Contributors netapp-madkat

Erasure coding is the second method used by StorageGRID to store object data. When StorageGRID matches objects to an ILM rule that is configured to create erasure-coded copies, it slices object data into data fragments, computes additional parity fragments, and stores each fragment on a different Storage Node. When an object is accessed, it is reassembled using the stored fragments. If a data or a parity fragment becomes corrupt or lost, the erasure-coding algorithm can recreate that fragment using a subset of the remaining data and parity fragments.

The following example illustrates the use of an erasure-coding algorithm on an object's data. In this example, the ILM rule uses a 4+2 erasure-coding scheme. Each object is sliced into four equal data fragments, and two parity fragments are computed from the object data. Each of the six fragments is stored on a different node across three data center sites to provide data protection for node failures or site loss.

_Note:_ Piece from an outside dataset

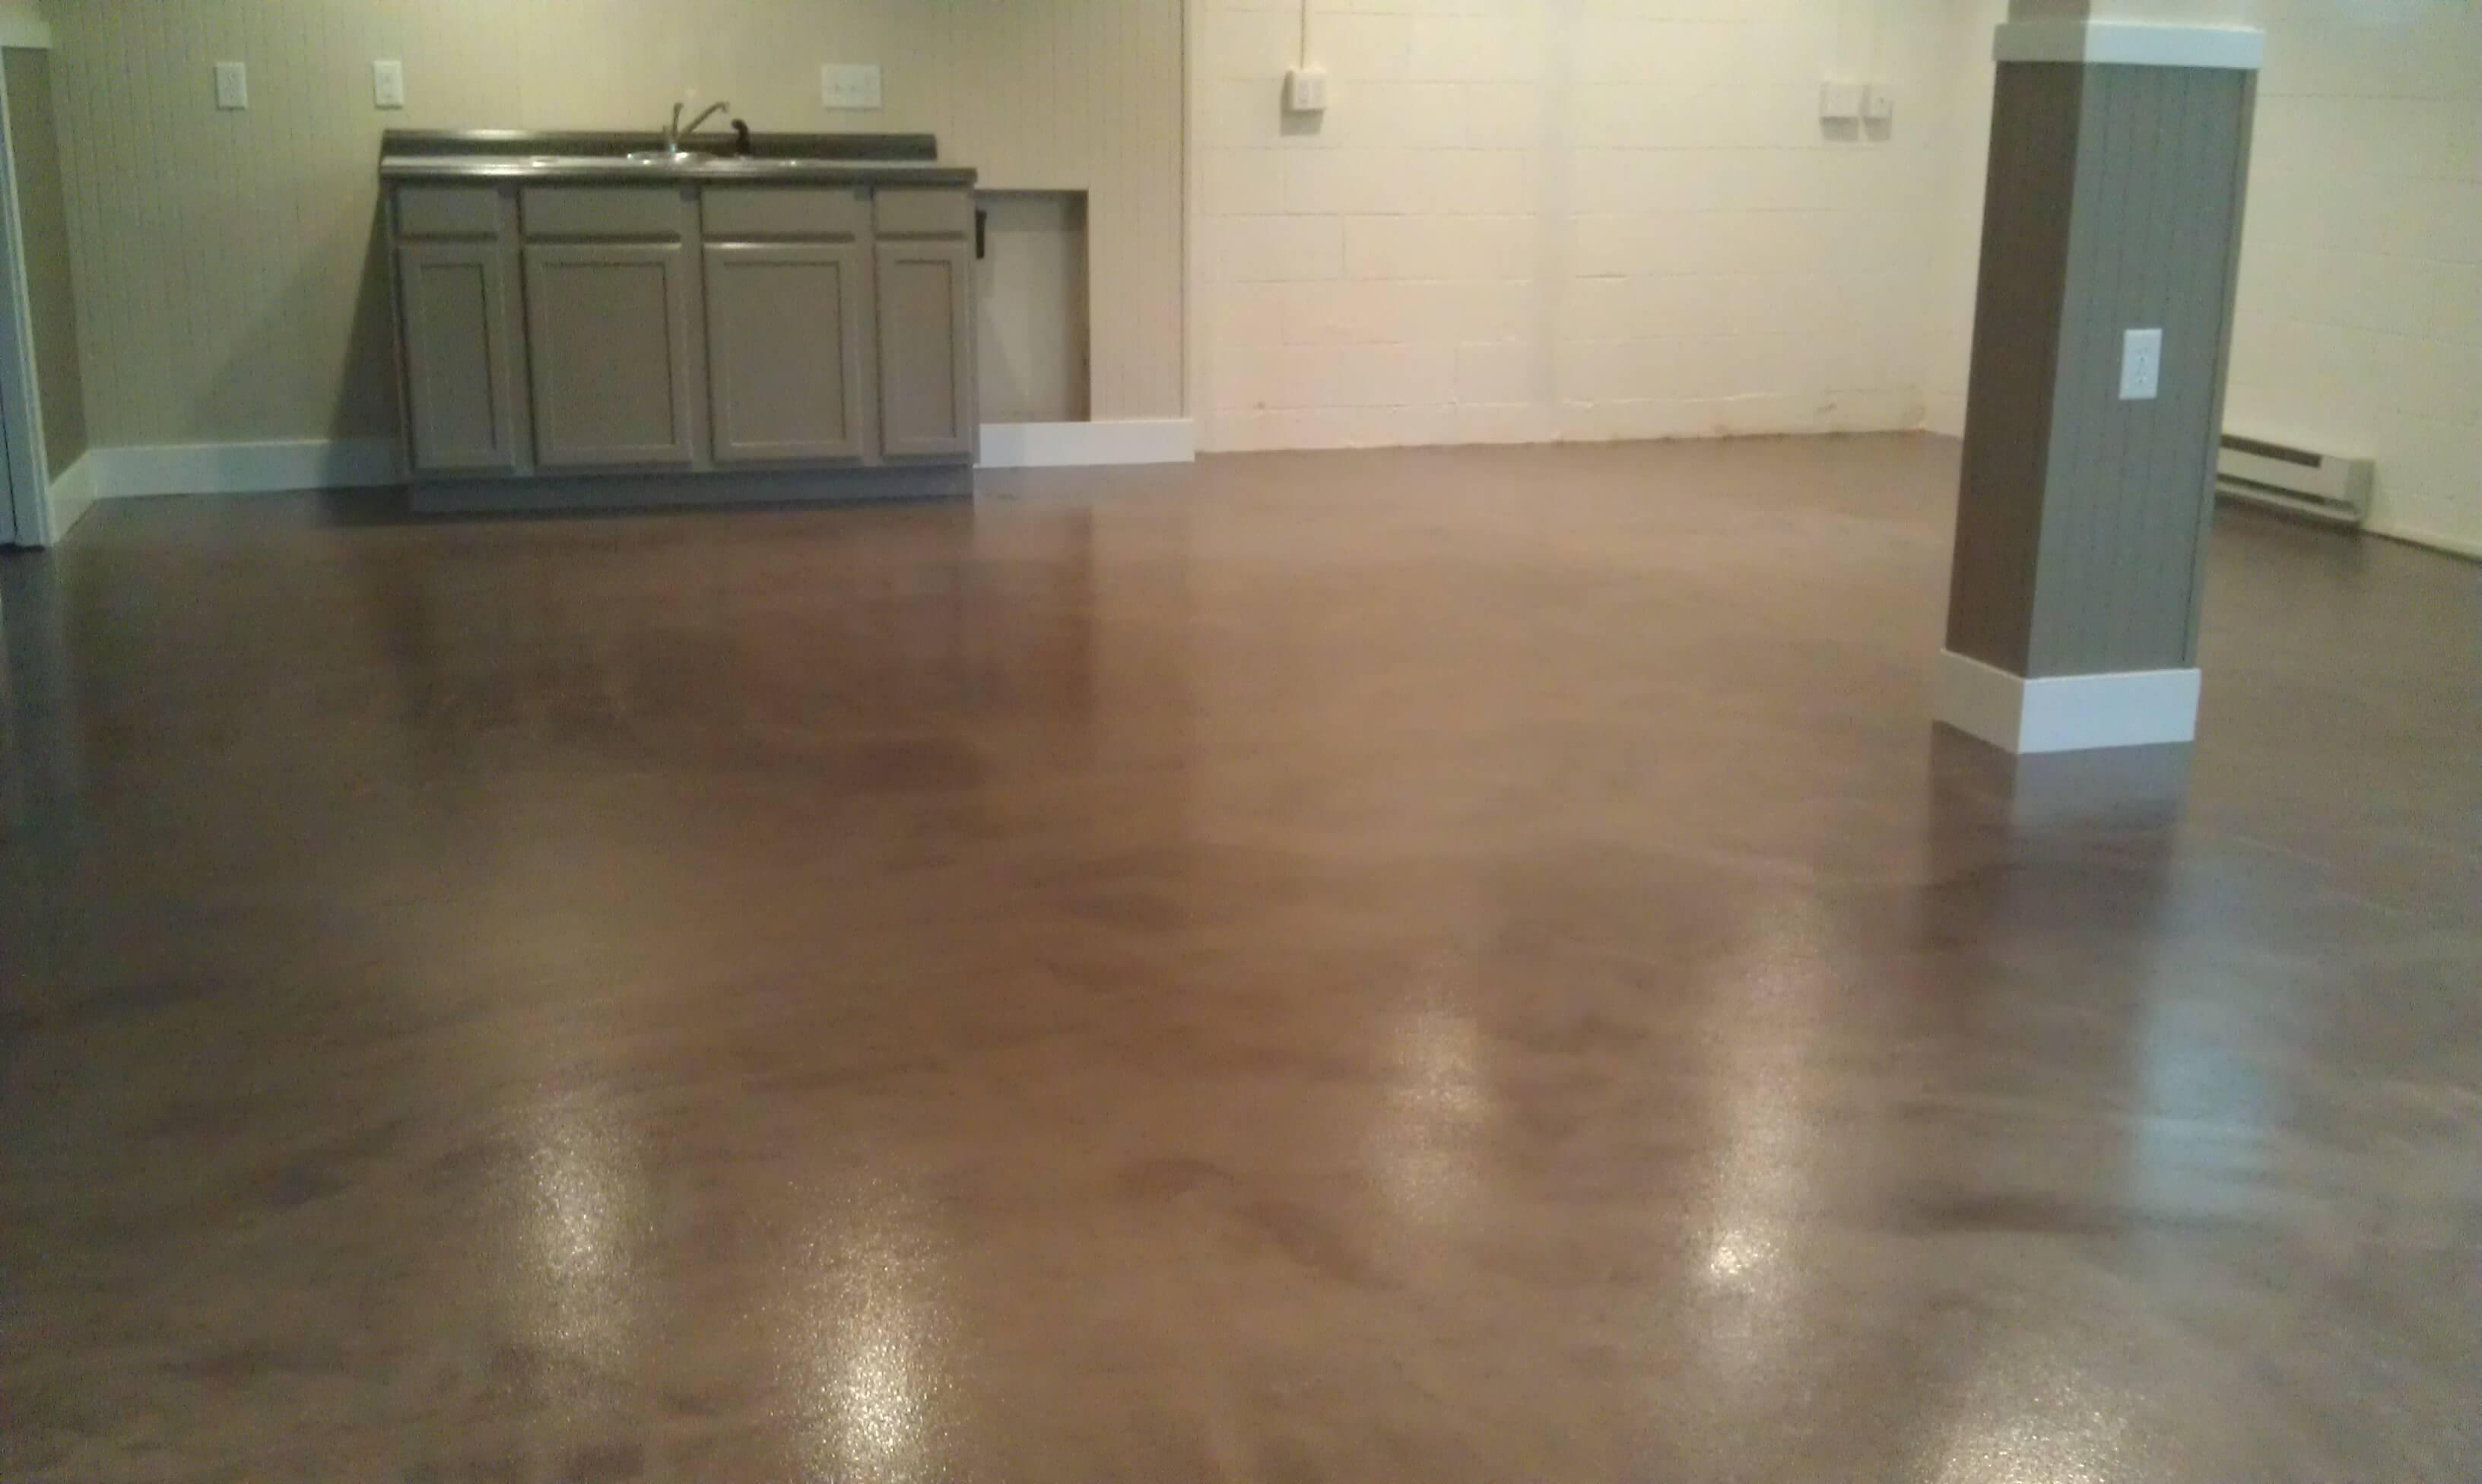 Epoxy Floor Coating For Basement

Erasure Coding Three Sites 4 Plus 2

The 4+2 erasure-coding scheme requires a minimum of nine Storage Nodes, with three Storage Nodes at each of three different sites. An object can be retrieved as long as any four of the six fragments (data or parity) remain available. Up to two fragments can be lost without loss of the object data. If an entire data center site is lost, the object can still be retrieved or repaired, as long as all of the other fragments remain accessible.

Erasure Coding Recoverable 4 Plus 2

If more than two Storage Nodes are lost, the object is not retrievable.